Back in the common room we are thankful for the good food and the heaters. Two more young Russians are sitting at the table, both with head wiring and screens in front of their faces. We ask some questions, but quickly fail because of the language barrier and the restrained interest in conversation. Well, not everyone can be interested all the time, we think to ourselves. We are exhausted from our adventure drive and anxious for the next day we fall into bed.
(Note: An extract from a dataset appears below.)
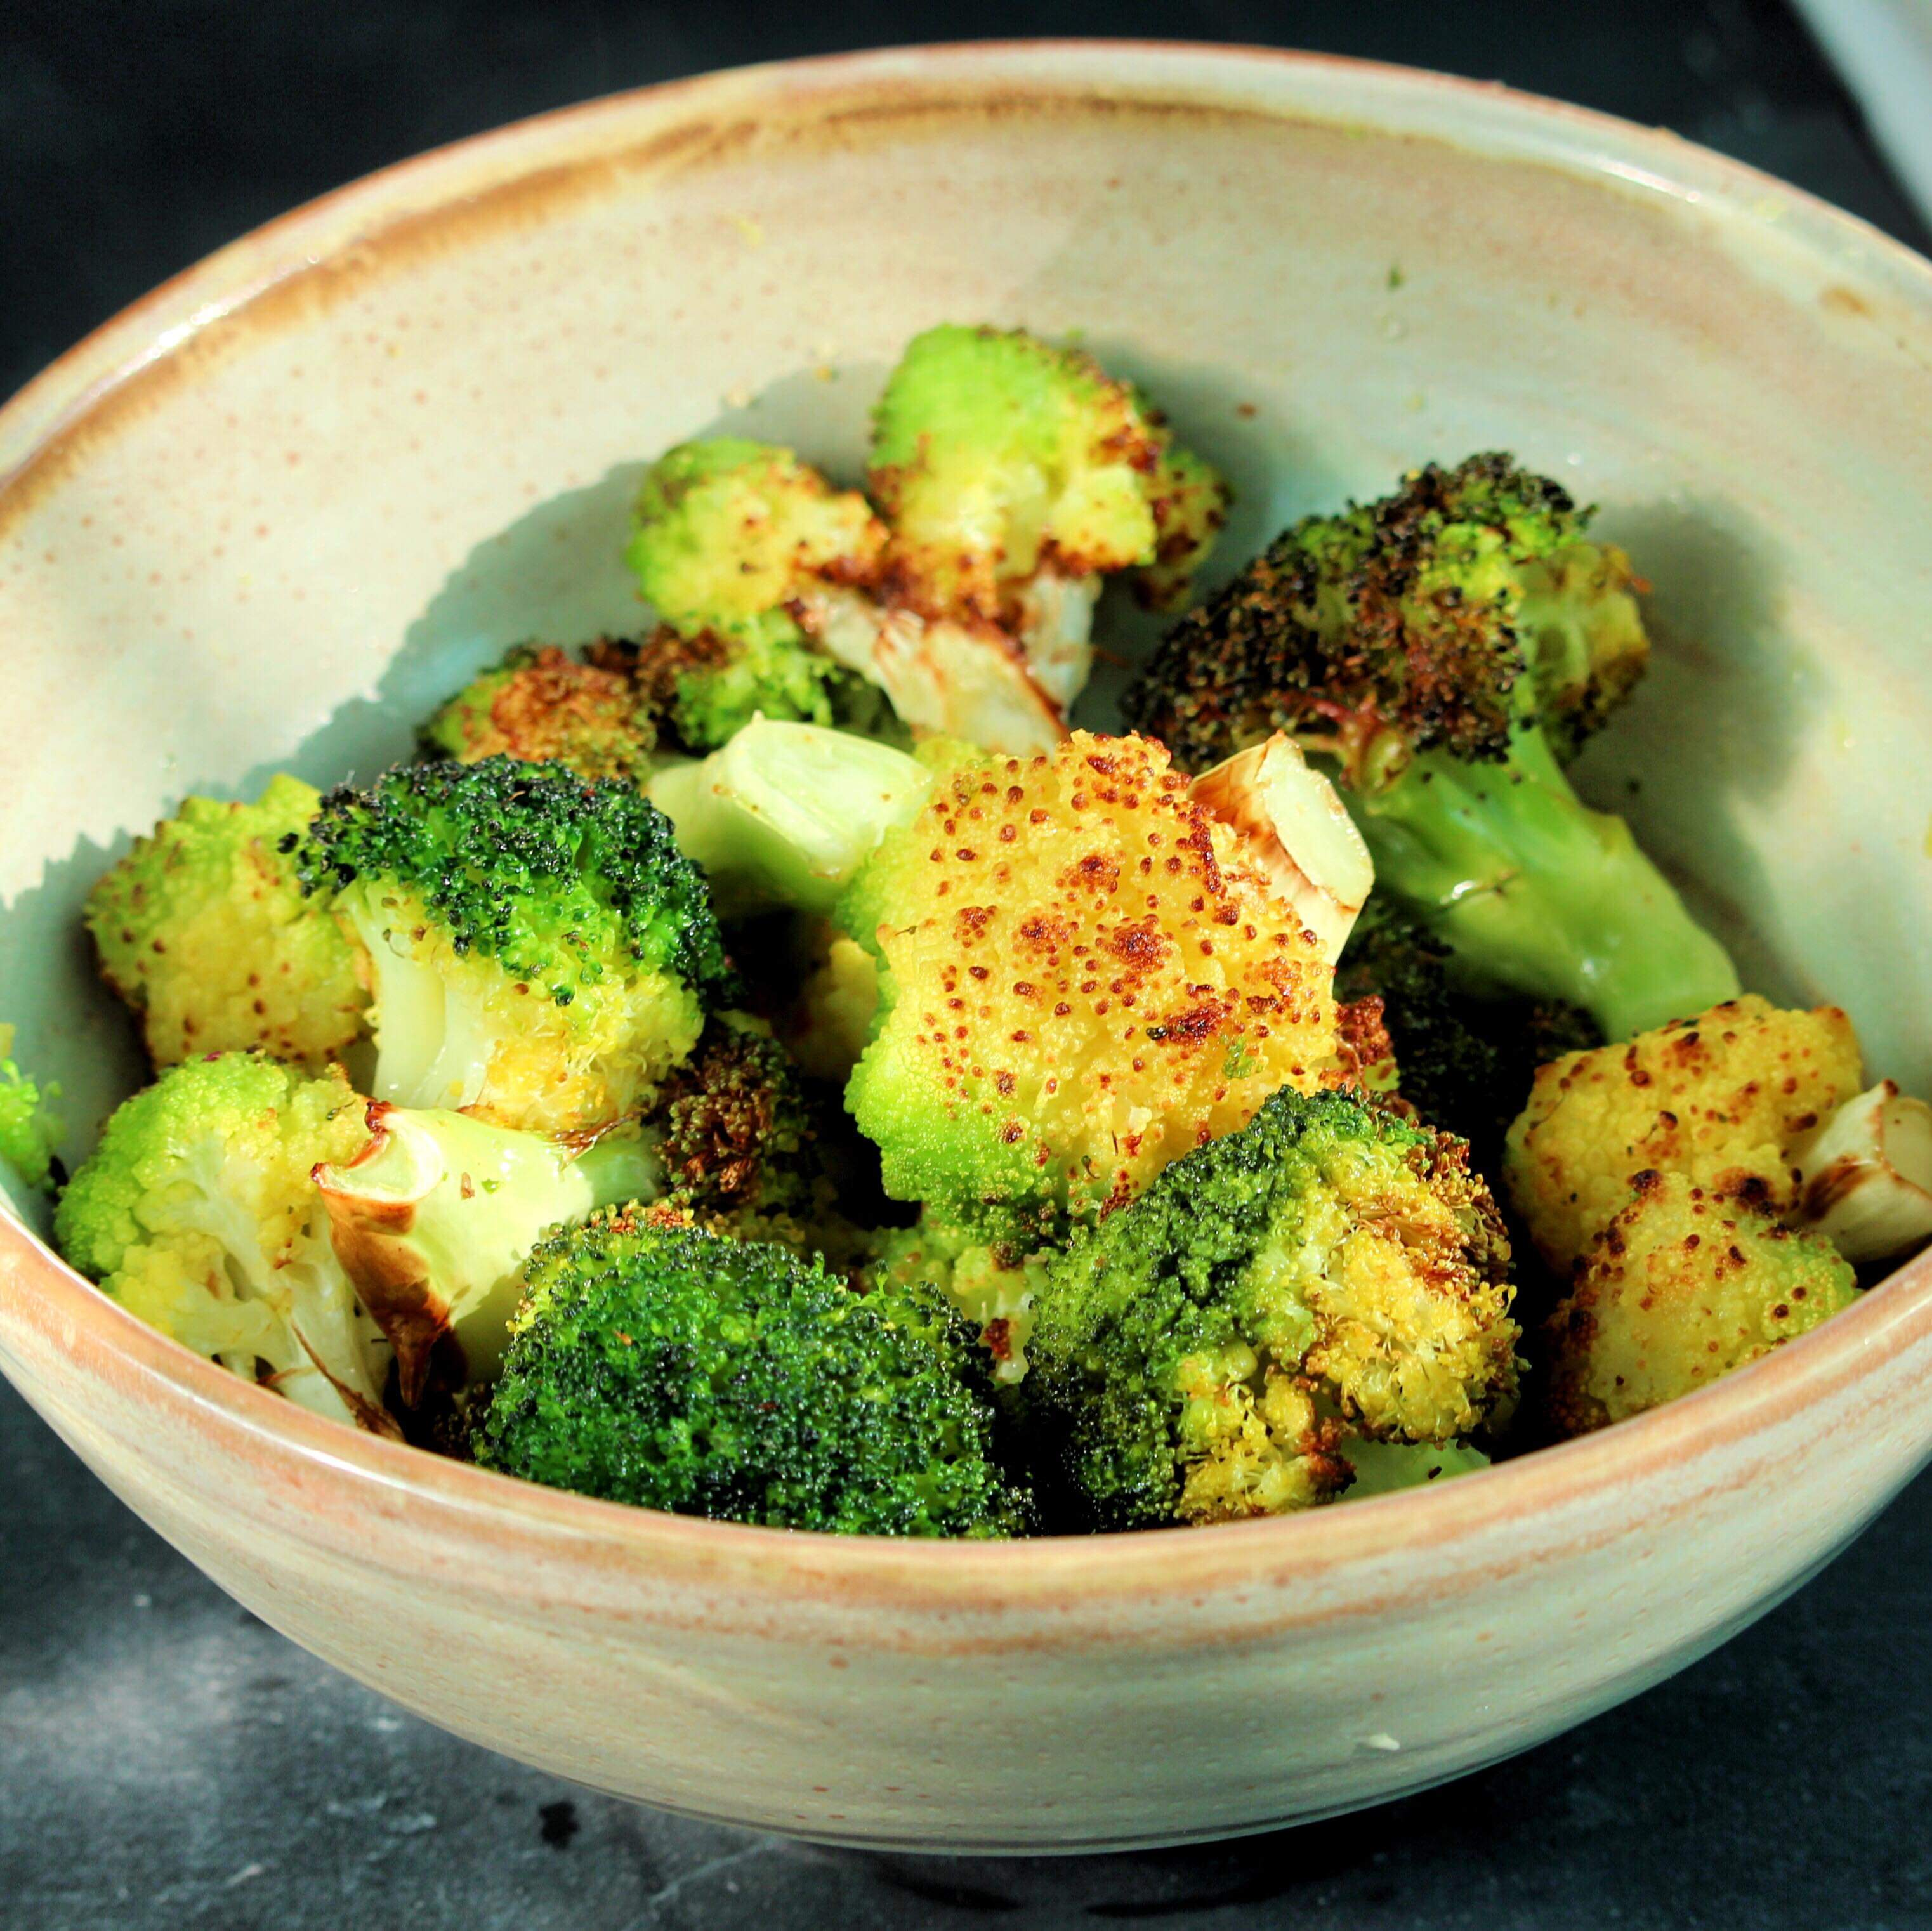 Air Fryer Roasted Broccoli and Cauliflower

The next days are quickly told: Sunday is sleep day. Before 11 o’clock we see no one on the pretty, spacious area. We play with the dogs, take a walk with Perim and Aidan in the surroundings and heat up the sauna towards evening. We find out that the three Russians are permanently employed here and are mainly building benches at the moment. Apparently there is a boss who shows up from time to time. But nobody is really the boss here. The work orders for us Work Awayers arrive via Telegram chat. Monday comes and our task is: “Varnish benches, cook food”. It is freezing cold and the motivation is… restrained. There would be so much to do here; unfinished work lies around in every corner. The place has potential but the lifeblood is nowhere to be found. The freezing cold days pass by with ridiculously little work, good food and pleasant sauna sessions. Tahir from Kazakhstan shows up and we make an effort to draw the closed people here out a bit. We play card games, sit around a campfire and plan our escape from this slightly depressing place.
Since our bicycles deserve a proper service after the 7000 kilometers we have ridden, we set off again on Thursday in the direction of Tbilisi. This time on the main road. Thanks to tailwind and altitude meters we roll into the capital again after a ridiculous two and a half hours and look forward to the open people in the Tbilisi commune.
On Monday we set off for Telavi in the Kacheti region. The small town attracts us with another Work Away offer: “Help us start our permaculture garden and help with small work on the house”, is written on the profile of Julie and Jean-Michele.
In Telavi, we spend three weeks in the stately home of Julie and Jean-Michele. We are fed splendidly-the two are professional cooks from Malaysia and France, respectively-and work less in the garden and much more in the house. Louie expertly builds and mends, I occupy myself with less fulfilling tasks like scraping glue and cement from window frames, painting, siliconizing (already a bit more exciting) and filling cracks. Corona conditioned we do not leave the house at the beginning and enjoy the fabulous view of the great Caucasus from the still dusty garden.
The days pass and we become more fidgety. When will we finally go on? The days are already noticeably longer and in the morning we hear the birds chirping. We never thought that it would be so difficult for us to take a longer break. But we are not only waiting for spring. Our visa for Iran has been applied for a long time and we are waiting for the positive decision. Finally – after two long weeks we get the news: Our visa is ready to be picked up at the embassy in Tbilisi!
What a relief! Louie finishes the last rack, I screw the freshly painted outside bench together and joyfully we pack our seven things on our bikes. On we go!